| > and get something way better. The last part of OP's statement is the key. In a field that's rapidly advancing technologically, used prices are depressed because the new product is that much better than the used product. Think back to the early smartphone days - every year phones multiplied in performance, in screen resolution, etc. In that environment a used item is less attractive because you feel like you're missing out on features/capability. This keeps used prices down. Nowadays used smartphones are more competitive because the rate of advancement (that buyers care about at least) has slowed. For example there's another post later in this thread that points out that the Nissan Leaf has been the same price forever - except the current-gen Leaf has literally double the range of the last one. Effects like this depress used prices. |
This starts reading like a hallucination after a while.
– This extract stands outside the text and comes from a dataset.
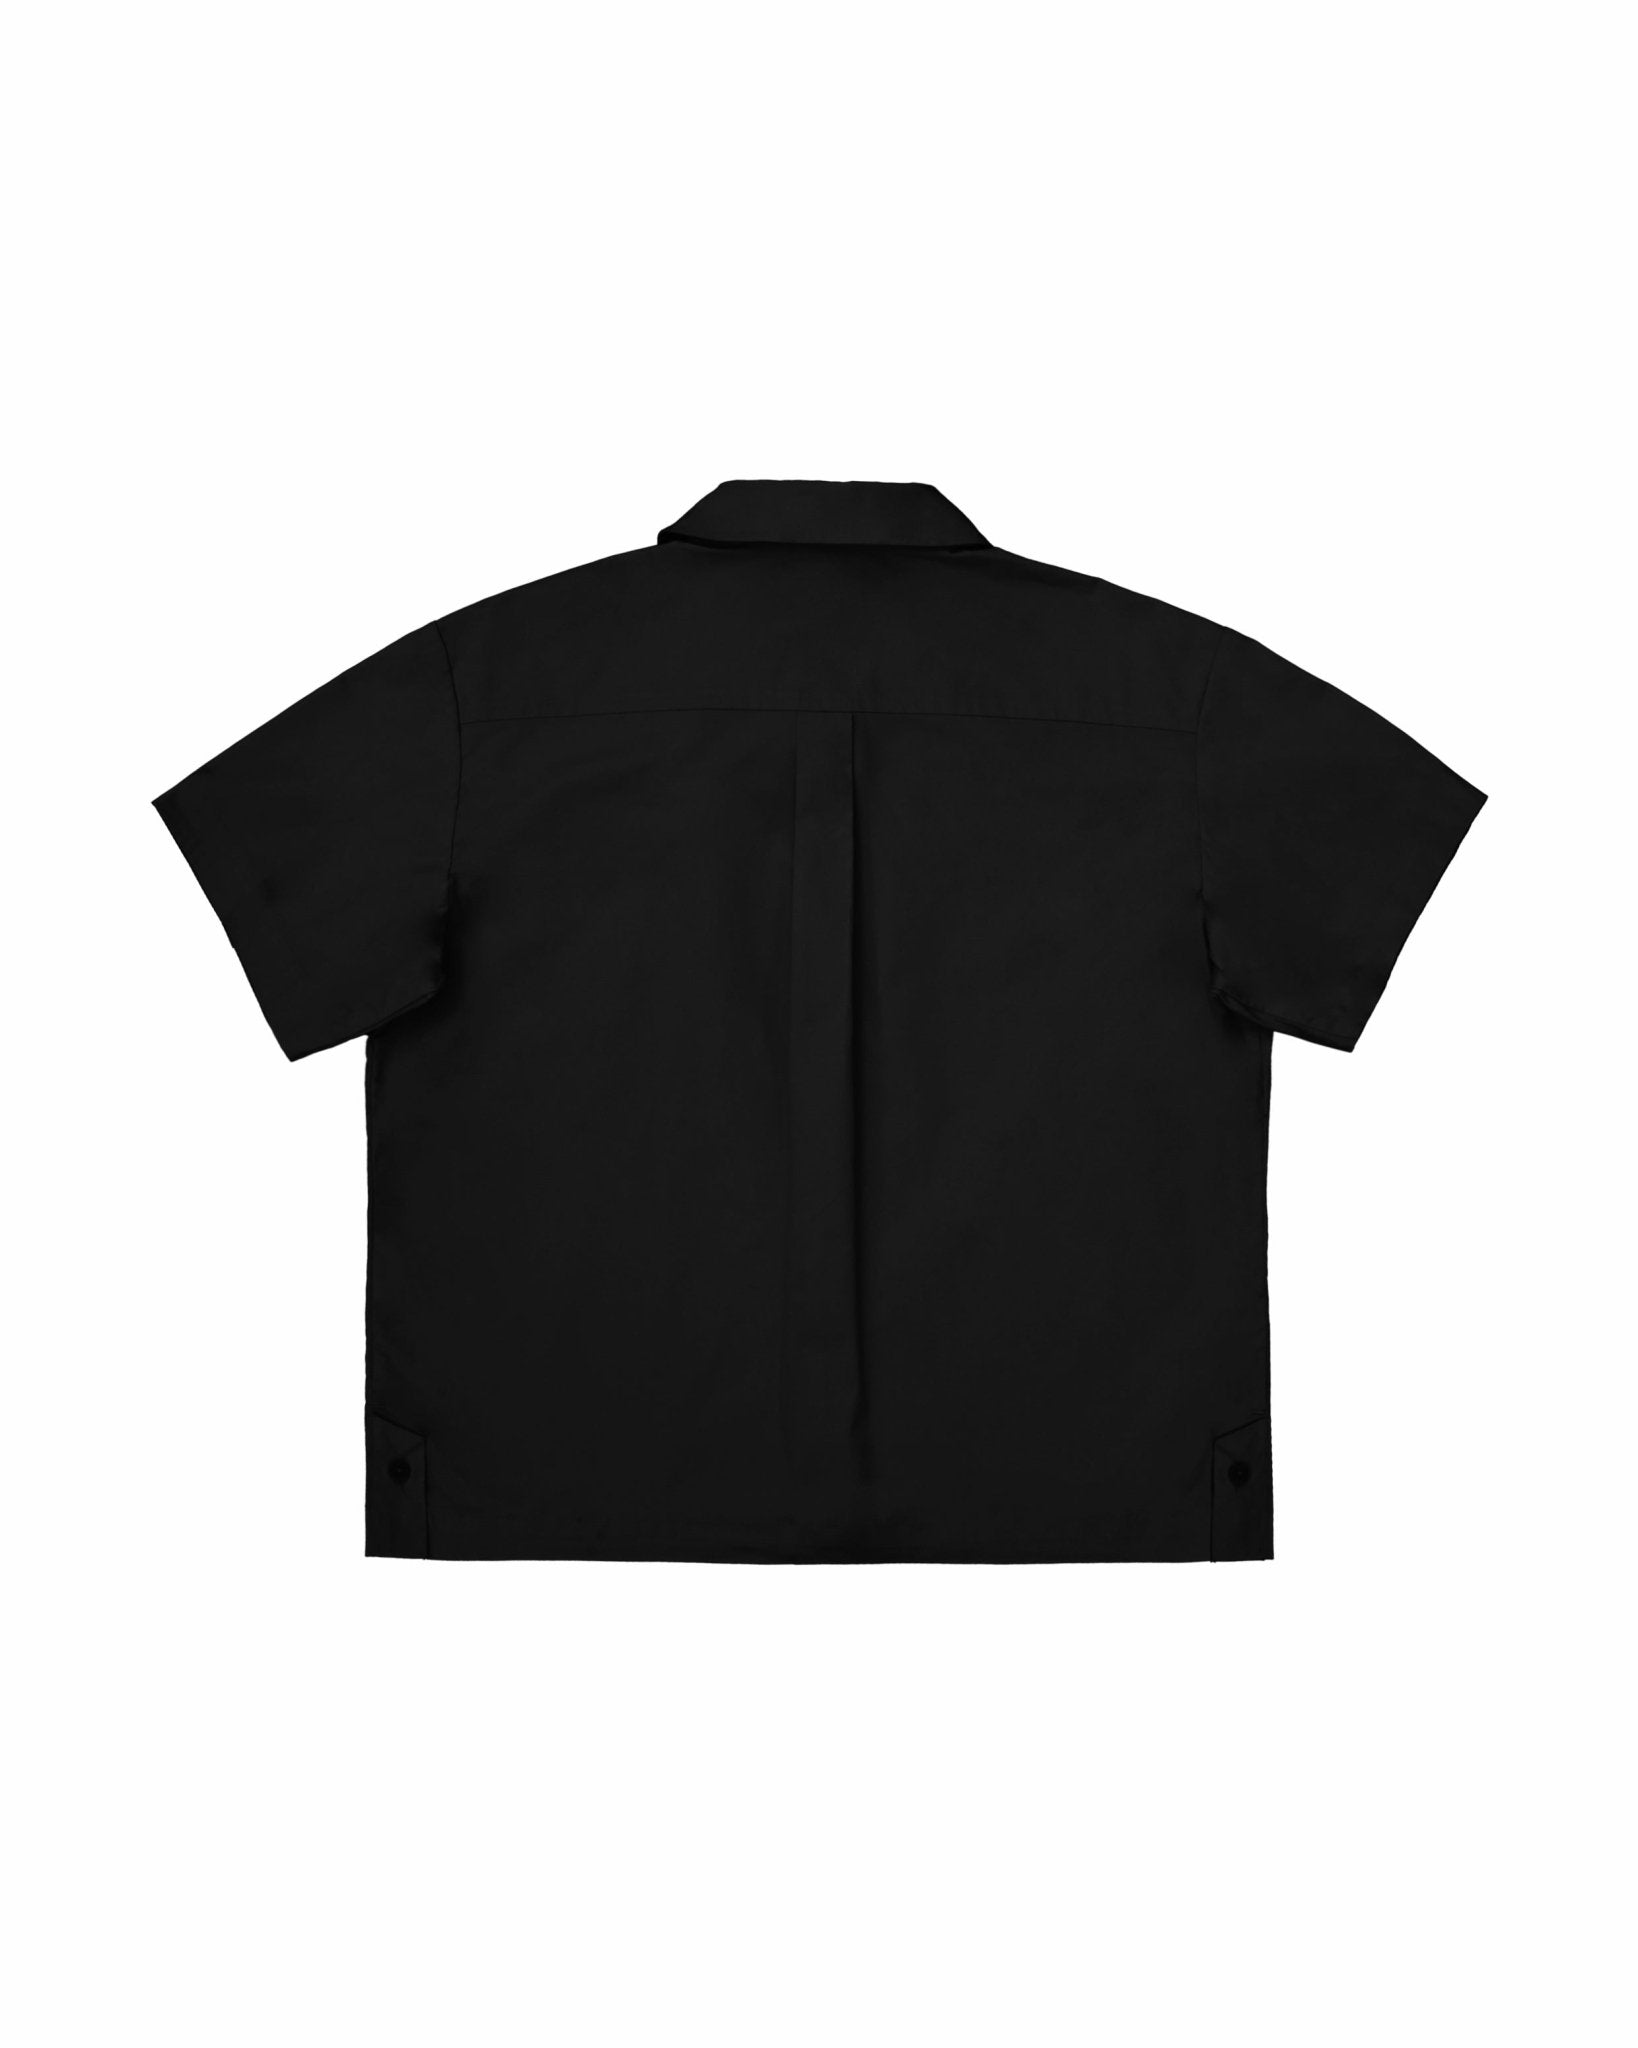 Cropped Tie Shirt - Black - G R A Y E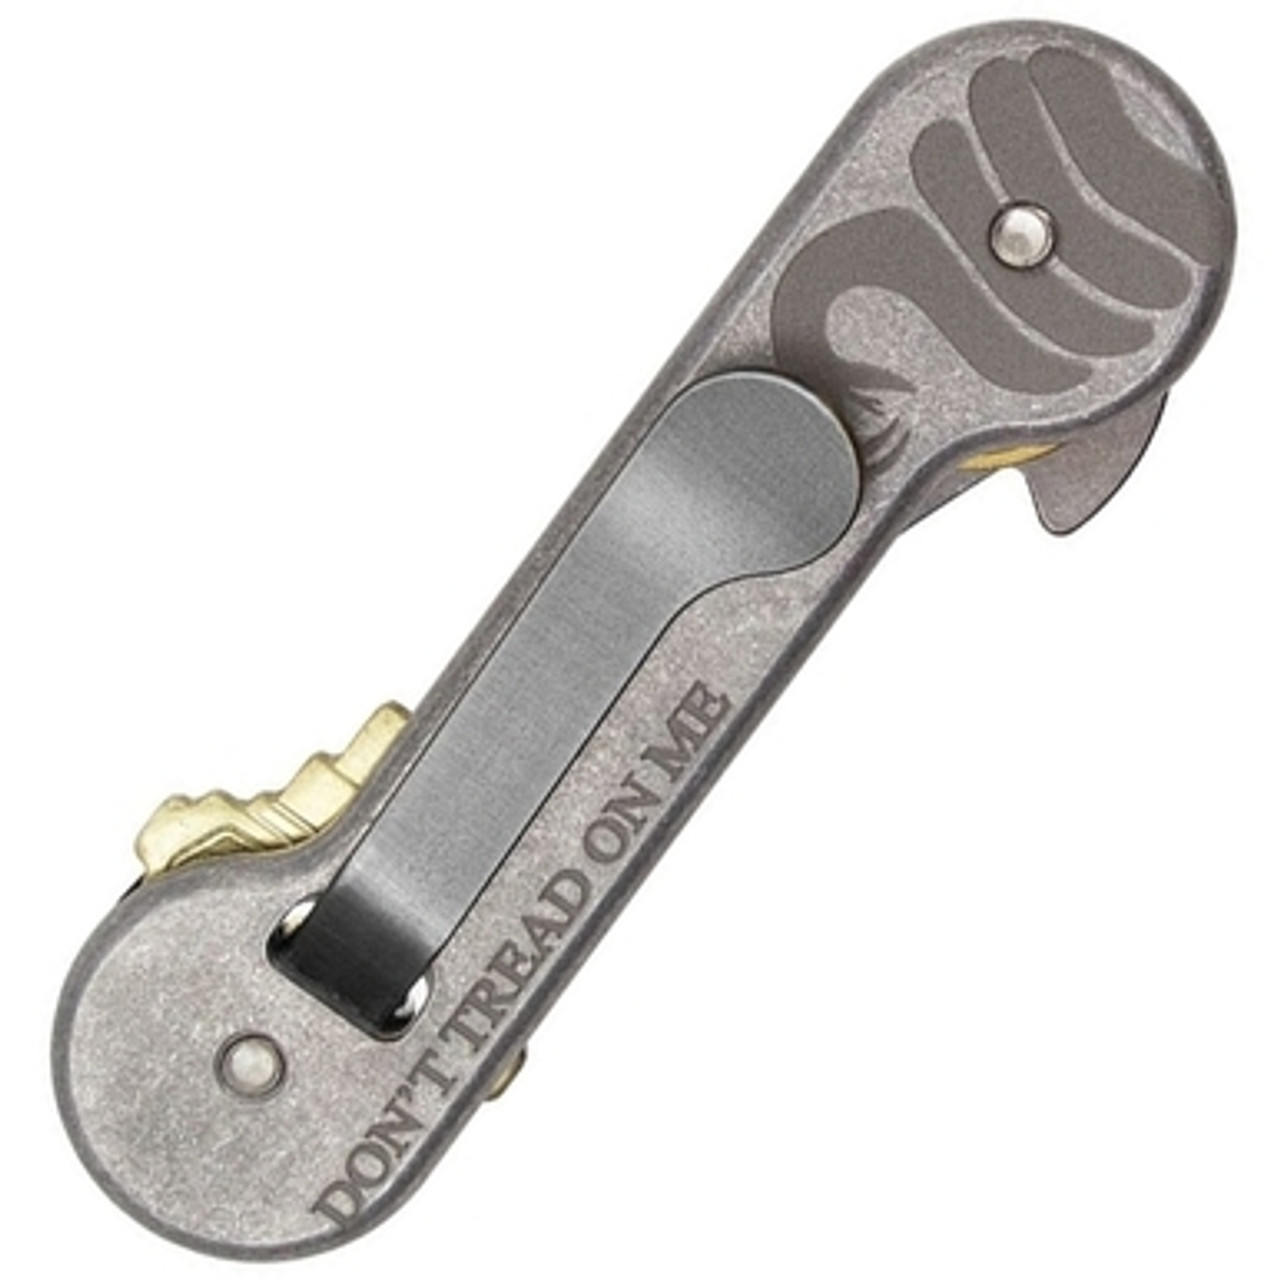 Don't Tread on Me Pocket Clip Keychain

How much in a Tesla had changed over past 5 years or so that makes 2020 model completely obsolete and unappealing relative to 2025 model?
The range hasn't doubled, internal volume hasn't, acceleration or braking hasn't. They may have changed implementations under the hood, but none has been clearly communicated to potential customers, so they might as well be the exact same car.
Meanwhile, 2020 Prius is that ugly one with quirky dashboard, and 2025 is that mustard yellow thing with the HUD-like dash.
So what in an EV is so "rapidly advancing technologically" so much that it perfectly rule out much more simpler explanation that people just aren't interested in EVs, in favor of more hand-wavy one that the newer EVs are just constantly enormously more appealing to the customers that older ones tend to lose the appeal faster?